It Starts With the Resume

By Katy Imhoff

Is your resume ready to compete with a sea of others just like it? Maybe not. While some will try to convince you to create a resume that’s wildly unique or, conversely, structured with a cookie-cutter format, there is no one right answer for everyone. Are you looking to make a lateral move or jump into something new? Perhaps you want to make the move to a leadership role or you’re searching for your first IT job after graduating with a Computer Science degree. Whatever point you’re at in your career, there’s a resume style for you.

Chronological resumes are the most common. They display a timeline of your job history, starting with your most current experience. Popularity doesn’t come without reason and the same goes for these incredibly effective resumes, which employers generally prefer. They show a clear, readable history of your experience. These are especially effective when making a lateral move because they emphasize your last 5 years of experience. If you have decades of experience and multiple jobs to list, make sure you go into more detail about your most recent positions, including only a few important points for older positions.

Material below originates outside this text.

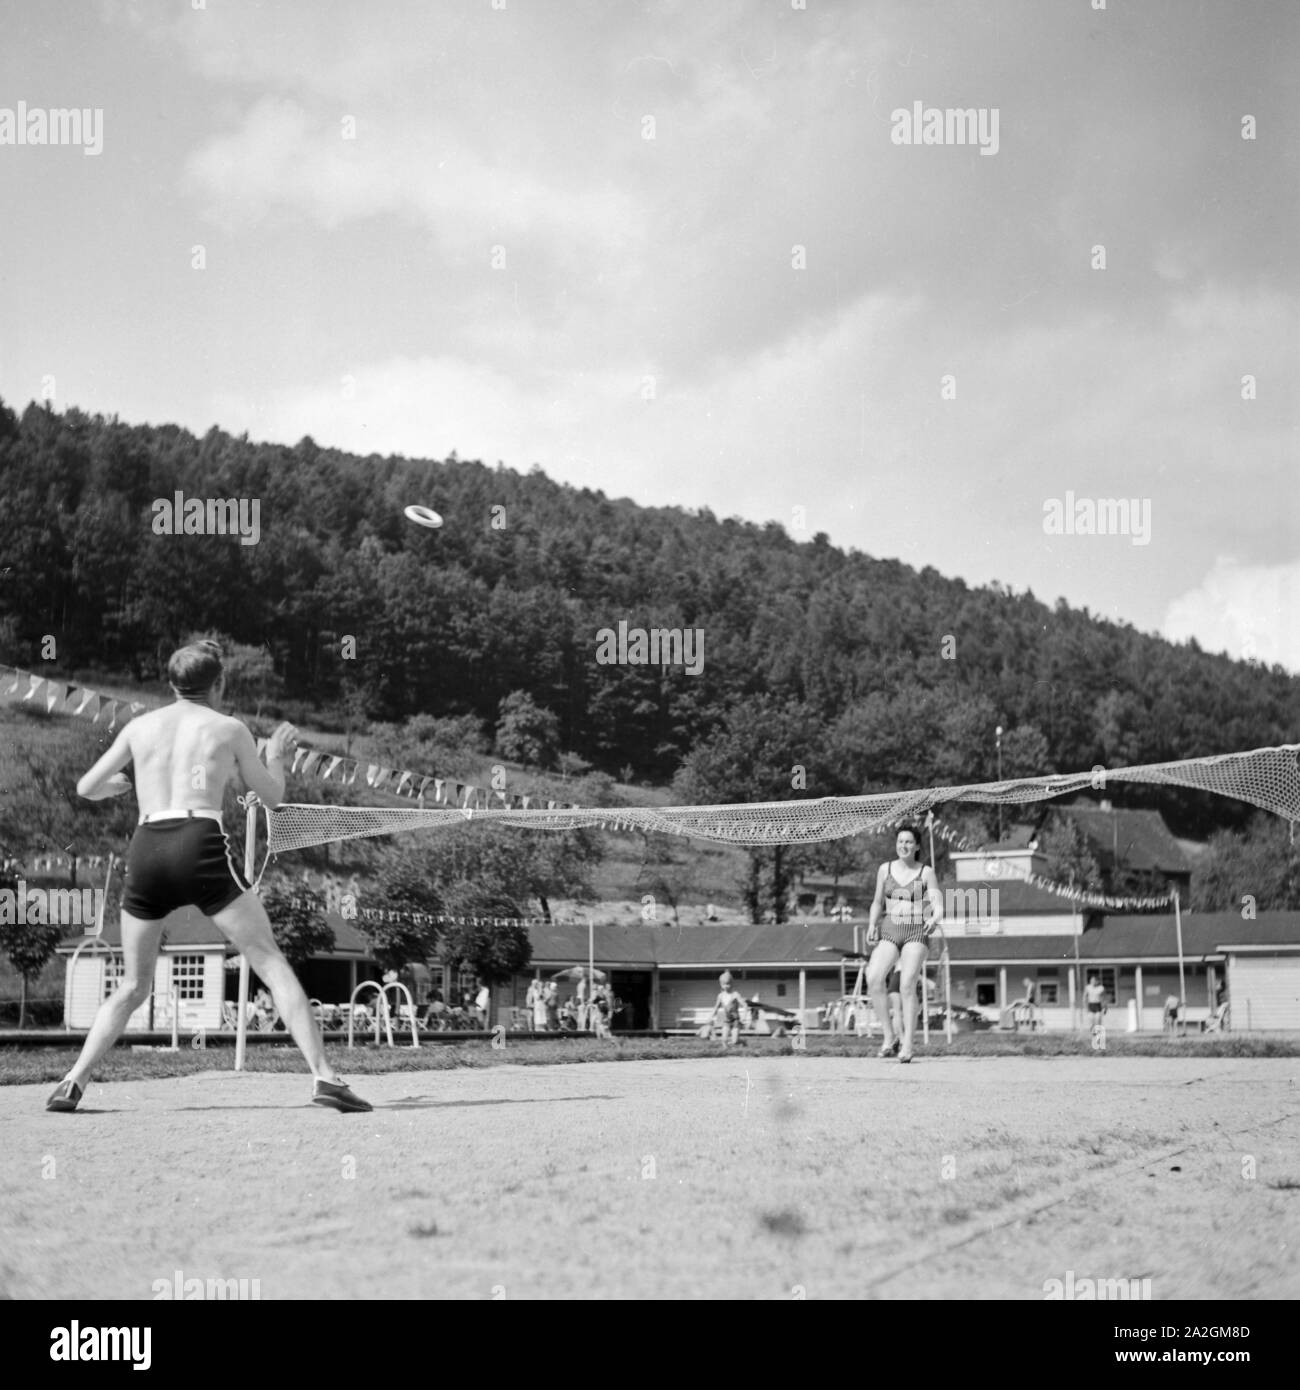 Auf dem Sportplatz, Deutschland 1930er Jahre. At the sporting ground, Germany 1930s. Stock Photo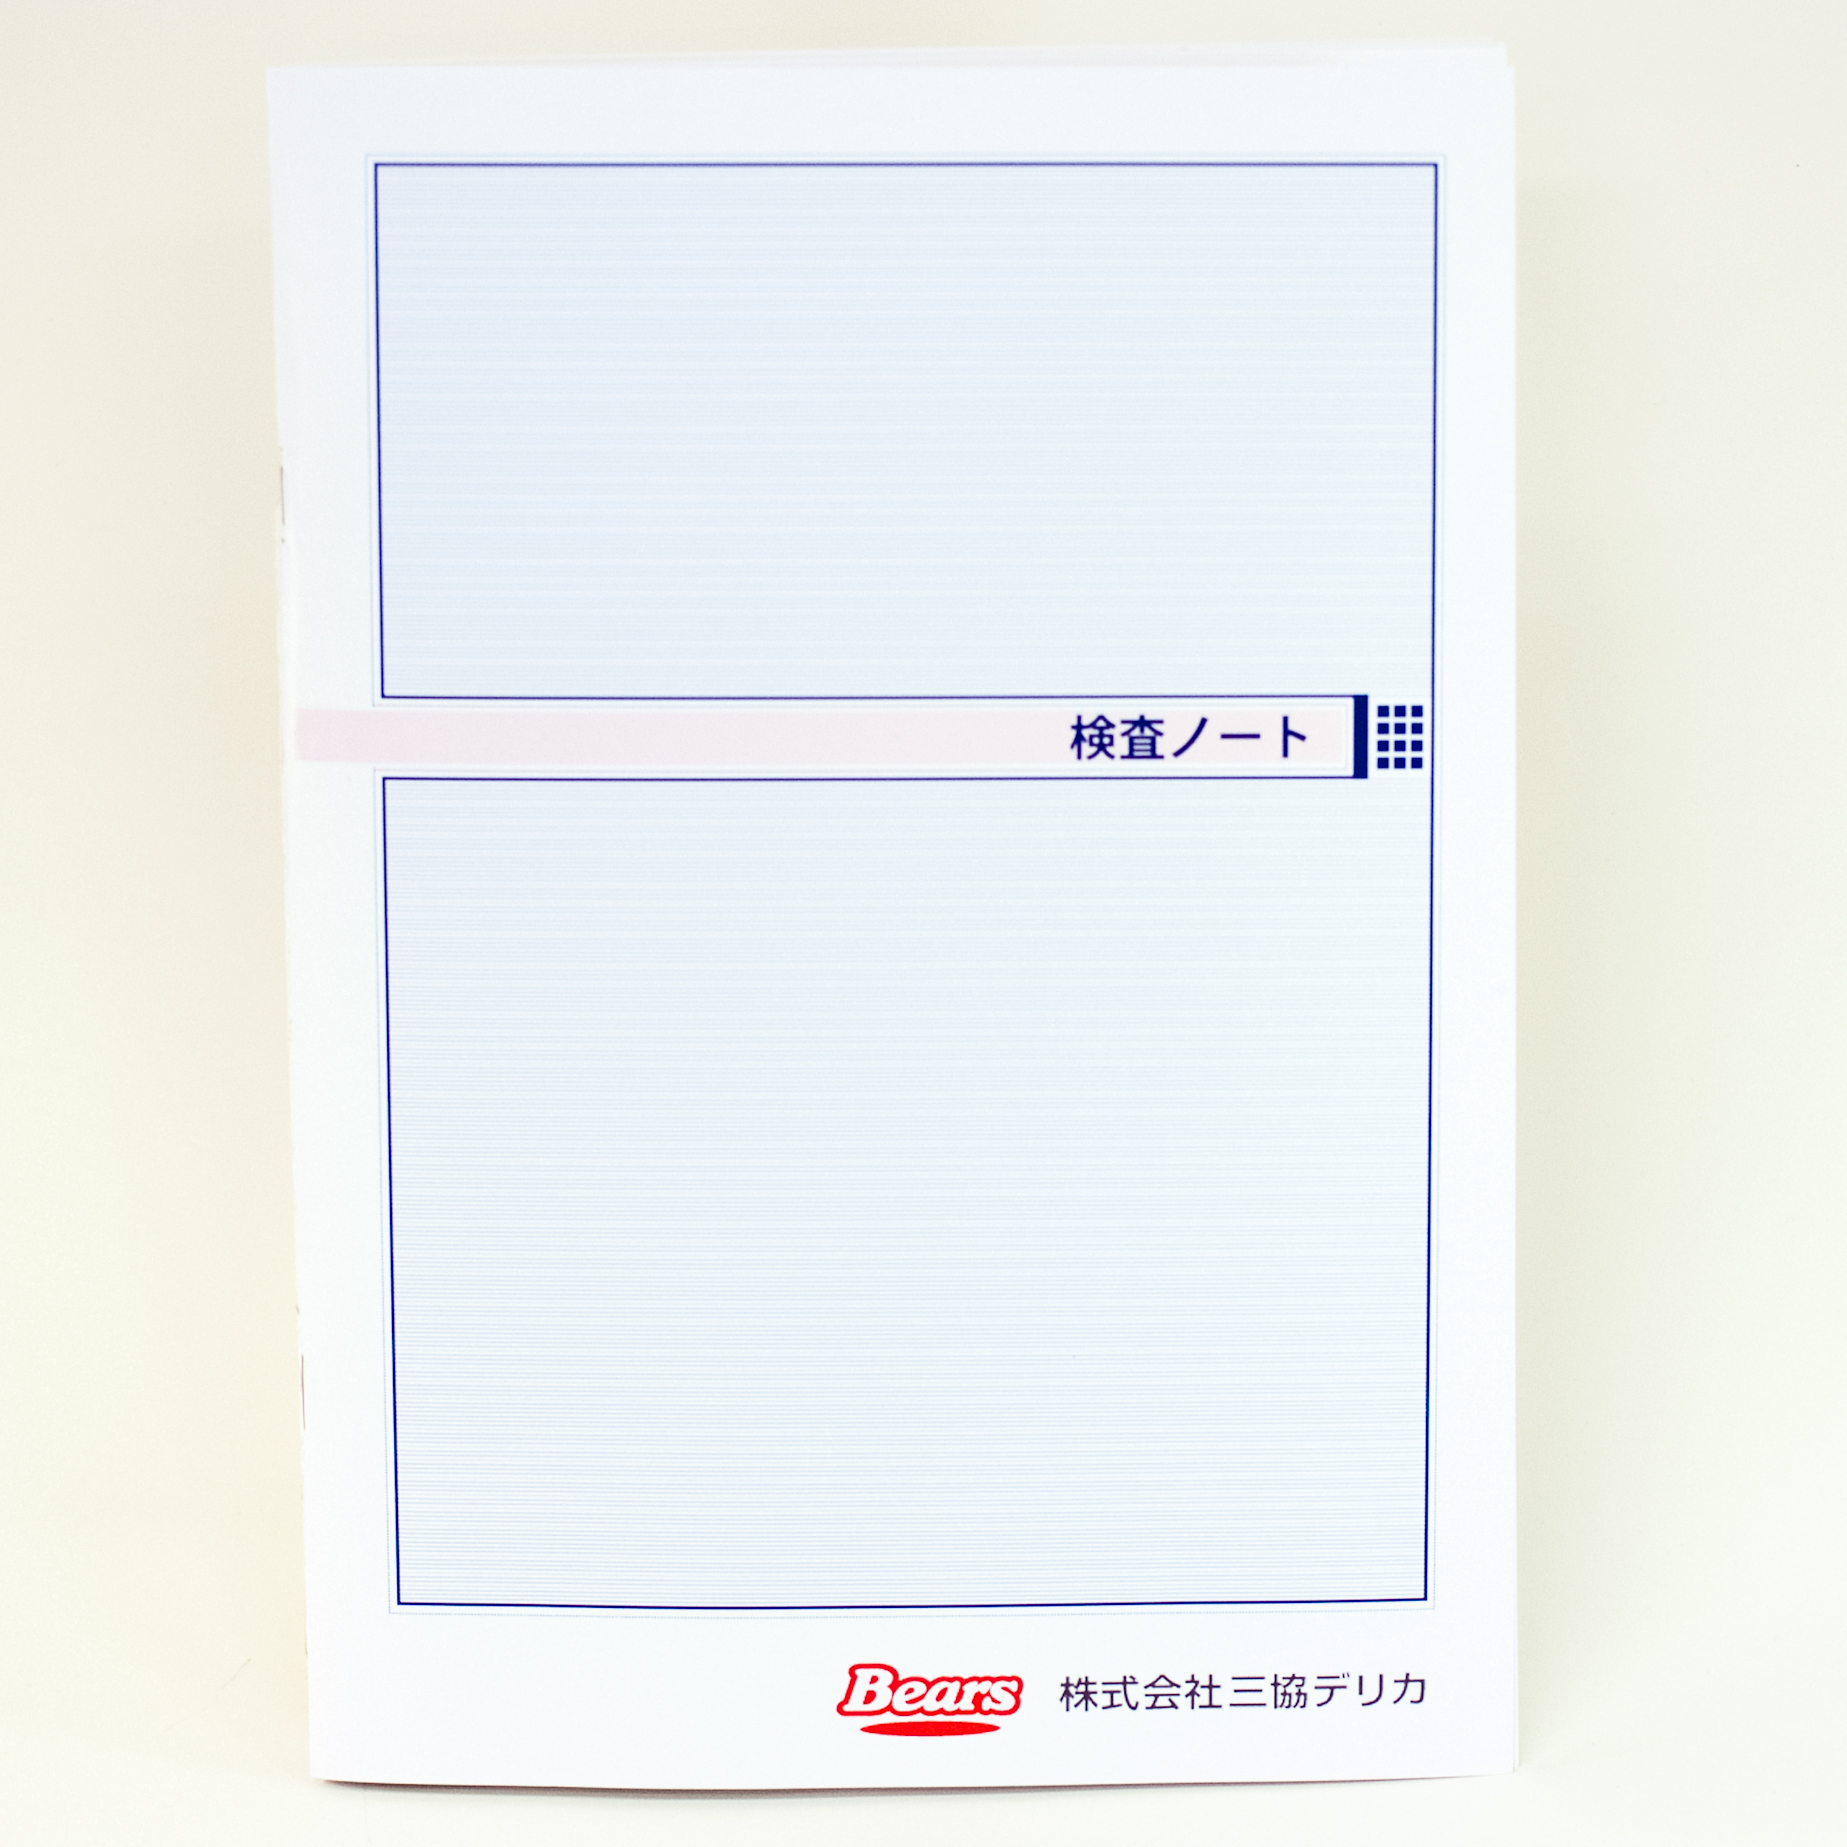 「株式会社三協デリカ 様」製作のオリジナルノート

Another popular resume format is the functional resume, which is organized by core skill. This resume works best for people who are switching to new careers, coming into the work force after a hiatus or joining the IT workforce for the first time post-graduation. These resumes make it easier for employers to compare how your skillset compares to the job specs. The functional resume focuses on your future goals as a candidate rather than your past work experience.

Some employers may be looking for a more concise summary of both, which is why the hybrid resume is our favorite. Detailing the chronological work history and functional skillset, this resume is the best of both worlds in one simple, clean document. You’ll be able to highlight technical and non-technical skills while still including work history. It’s incredibly important in the hybrid resume that you omit unrelated tasks and go into less detail about older, less relevant positions. Hybrid resumes are the most effective overall, but only if they’re clean and simple.

Remember, all resumes are the most effective when they are clean, clear and to the point. Emphasizing relevant work and skills will help lure the potential employer to your resume. Your explanations should be thorough yet concise, simple yet effective, well edited yet authentic. Most importantly your resume is the first impression an employer has of you. A sloppy resume is the equivalent of walking into an interview in shorts, a t-shirt and flip-flops. Don’t waste your valuable job-search time by sending out a less-than-effective resume. Find which resume style fits where you are in your career and start your search on the right foot!